*Prompt*.
Every picture is to be removed, and all the data is to be copied exactly.
(Supplied information)
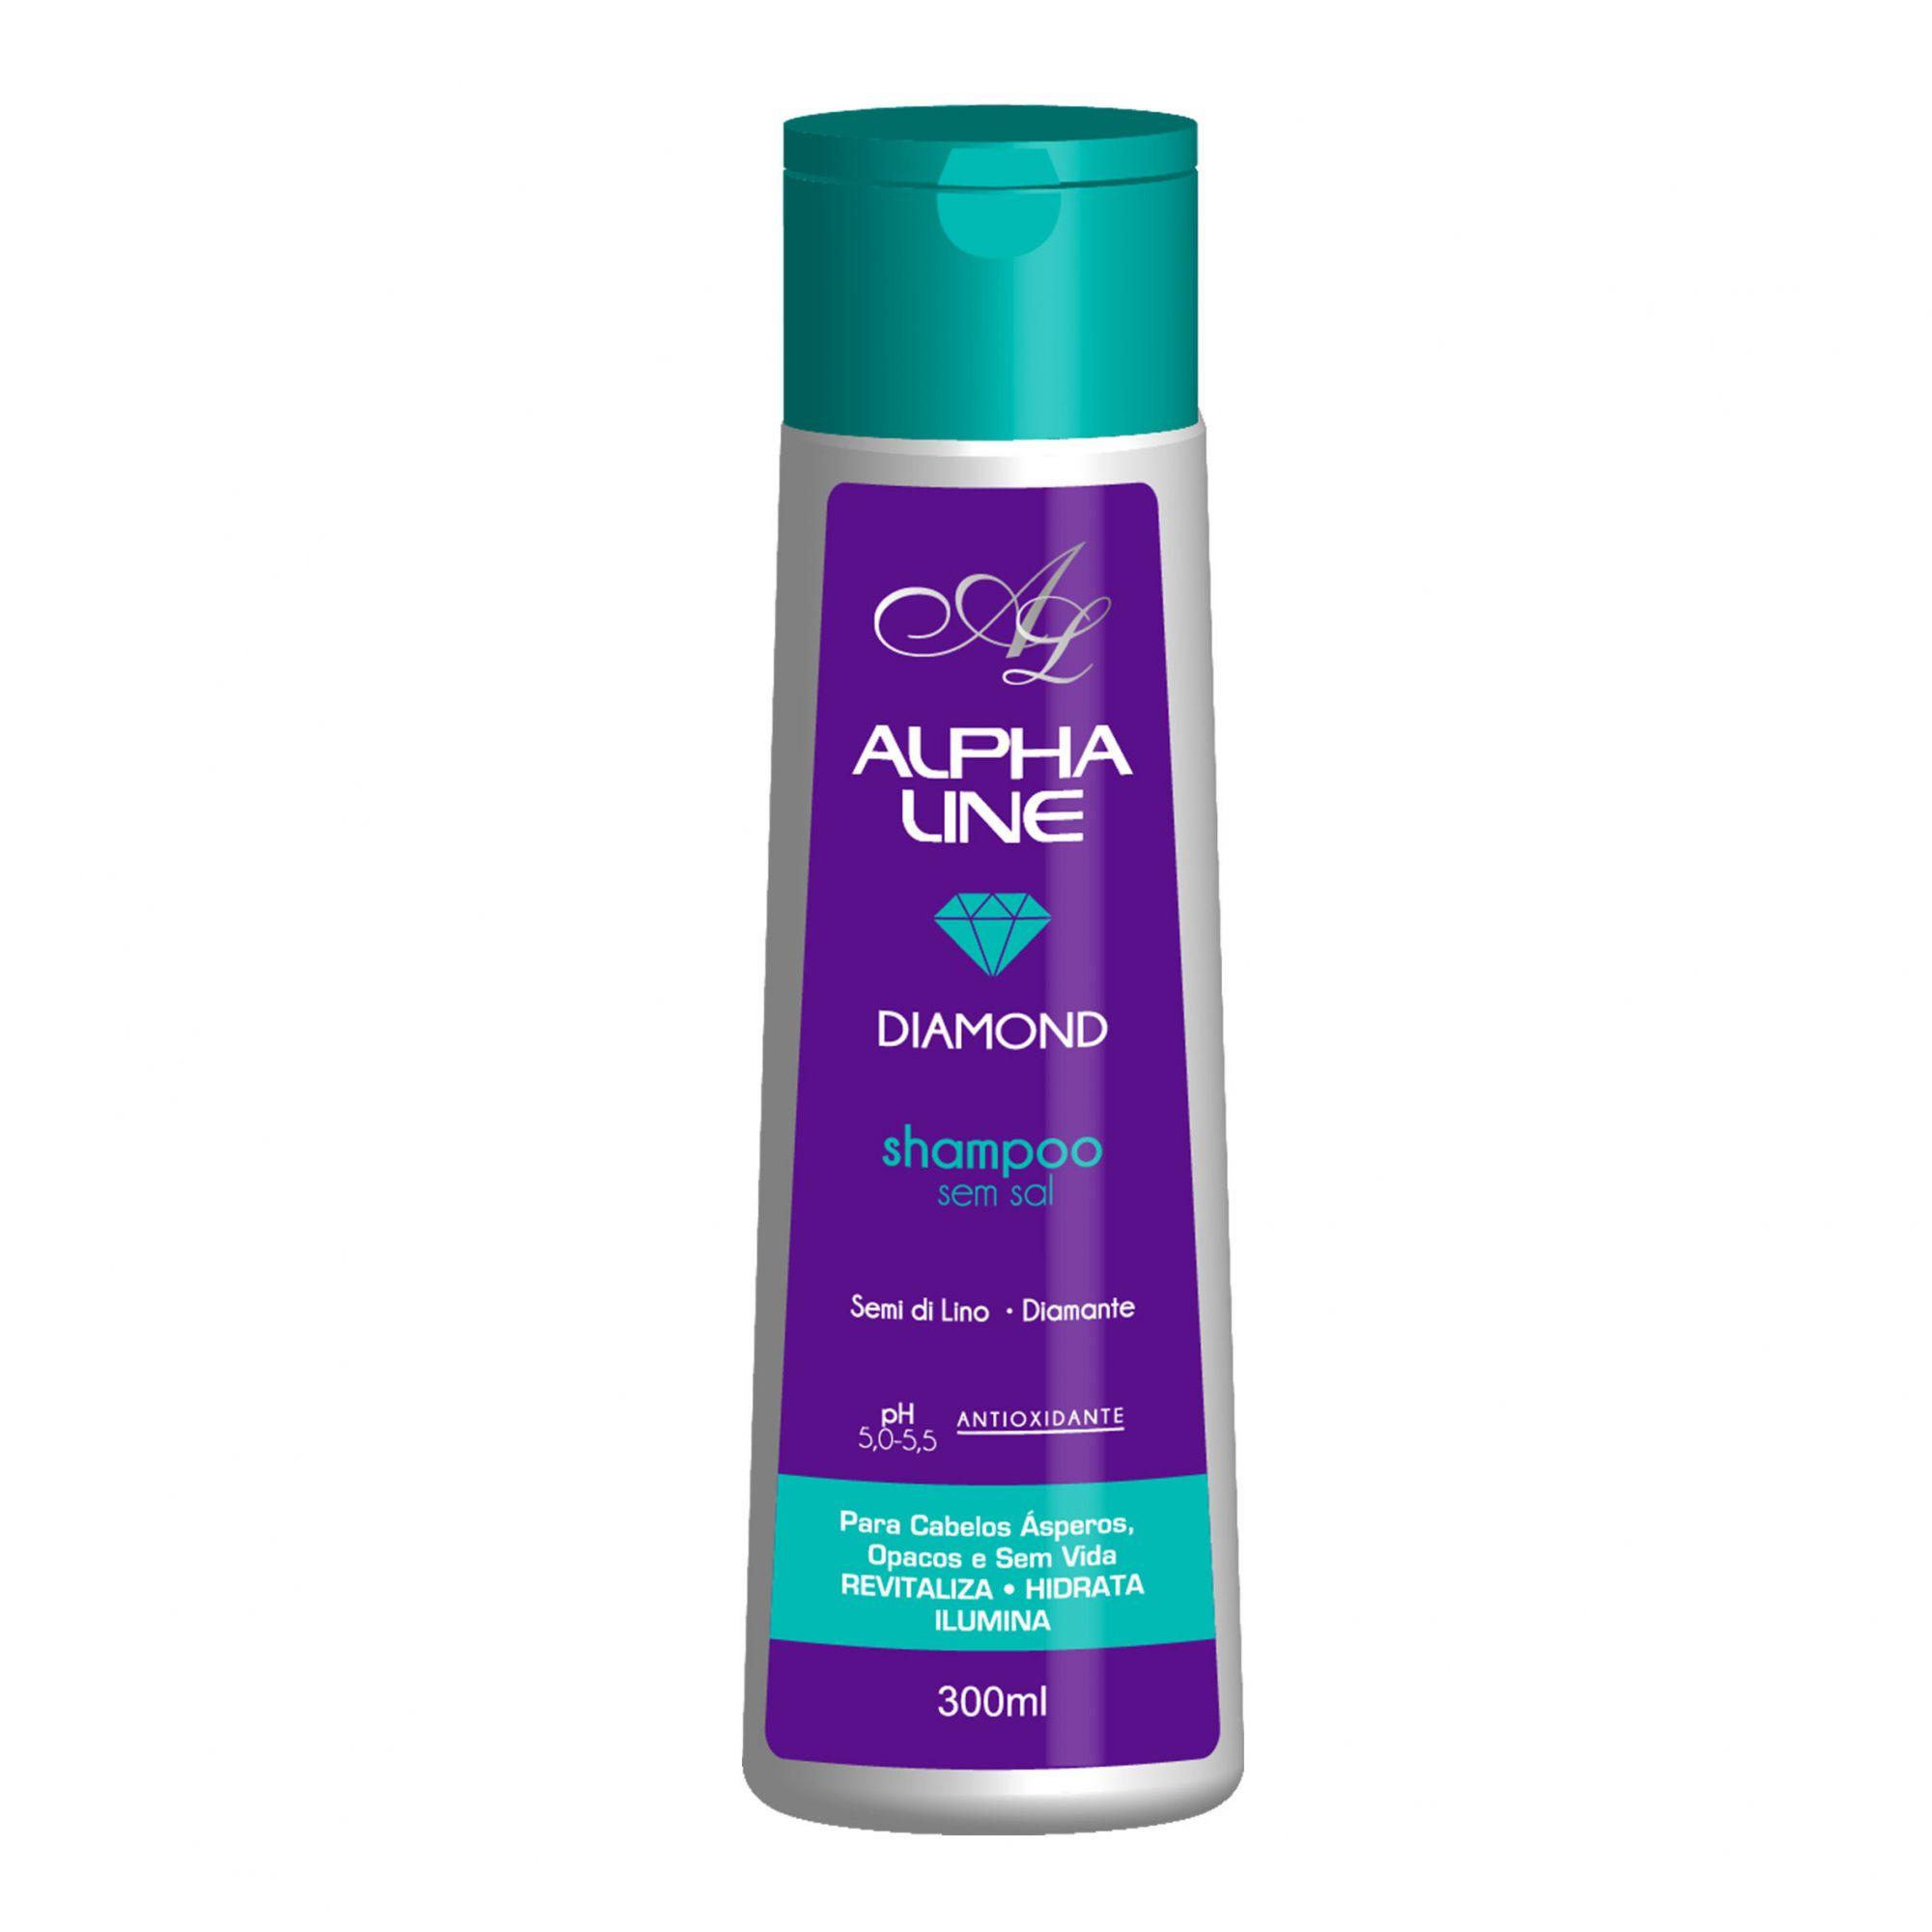 Alpha Line Shampoo Diamond  300ml.
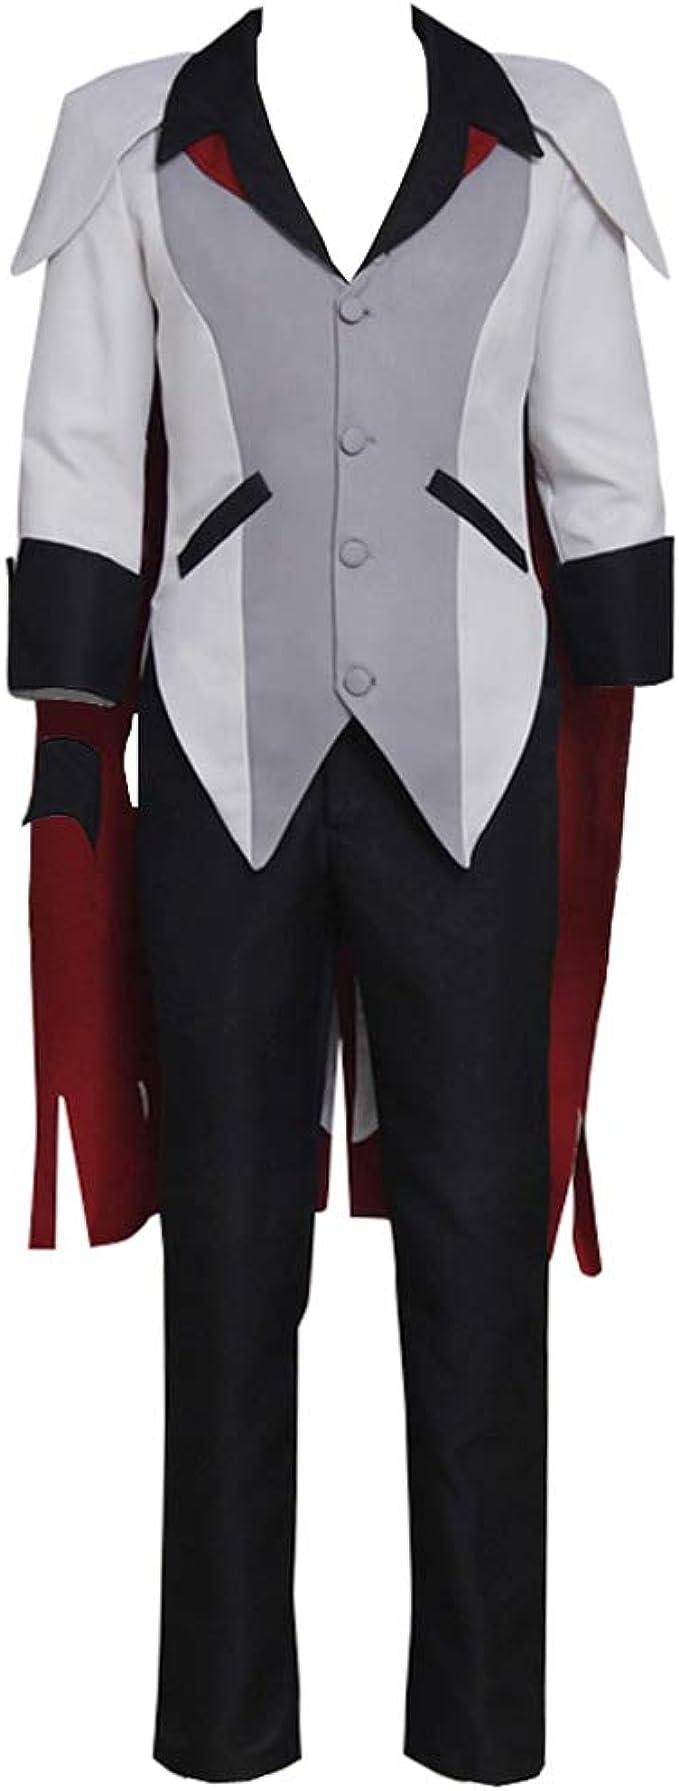 Amazon.com: cosplaydiy hombre traje para RWBY qrow Branwen ...
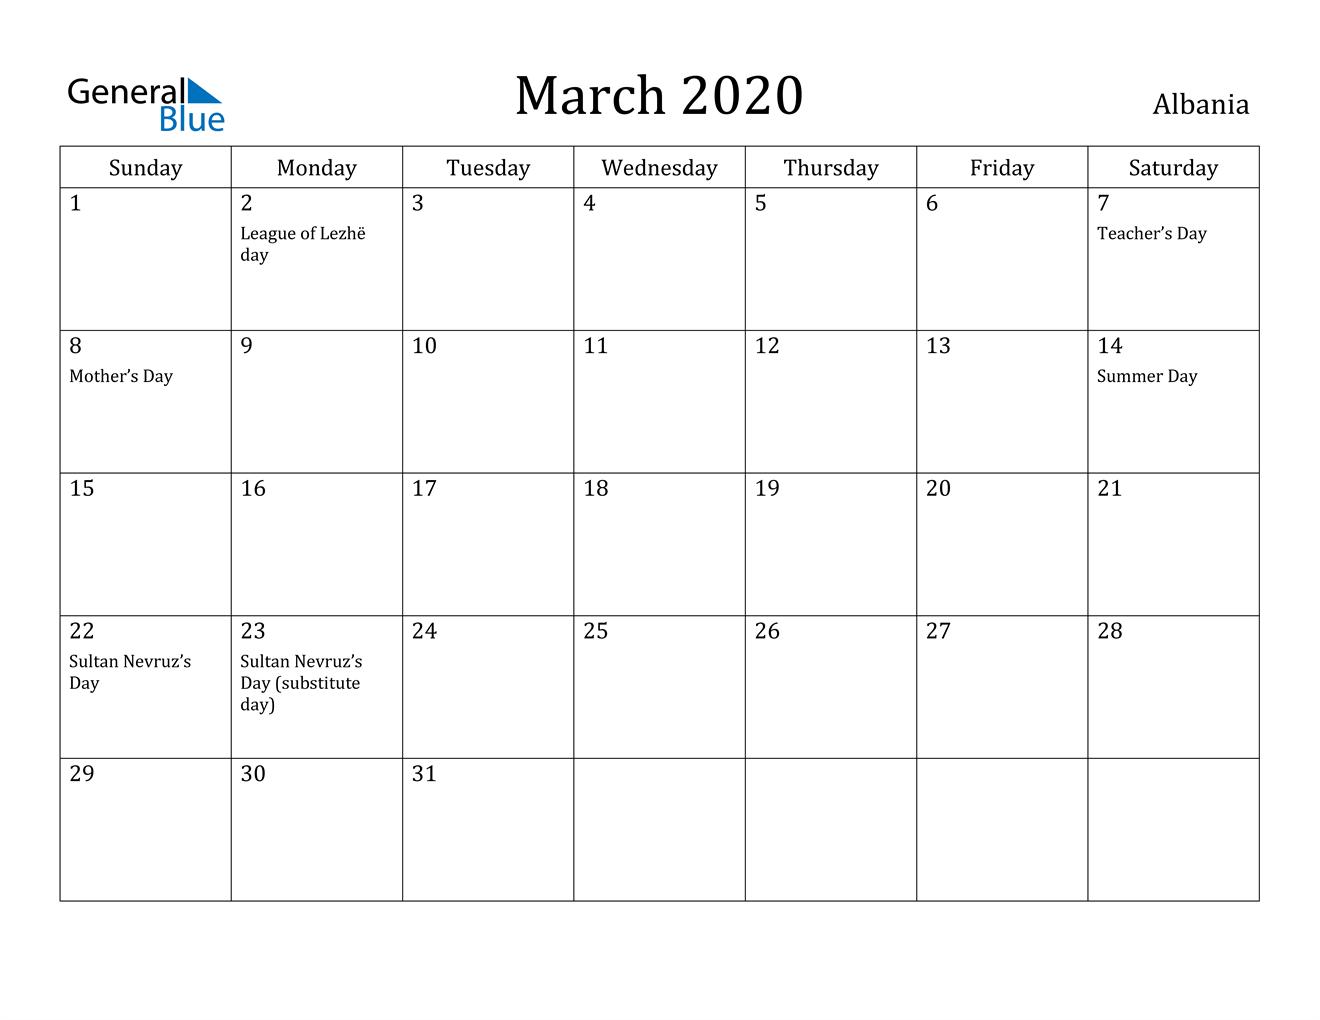 Image of March 2020 Albania Calendar with Holidays Calendar
(End Supplied information)
*Solution for this exercise*.
 Alpha Line Shampoo Diamond  300ml.
 Amazon.com: cosplaydiy hombre traje para RWBY qrow Branwen ...
 Image of March 2020 Albania Calendar with Holidays Calendar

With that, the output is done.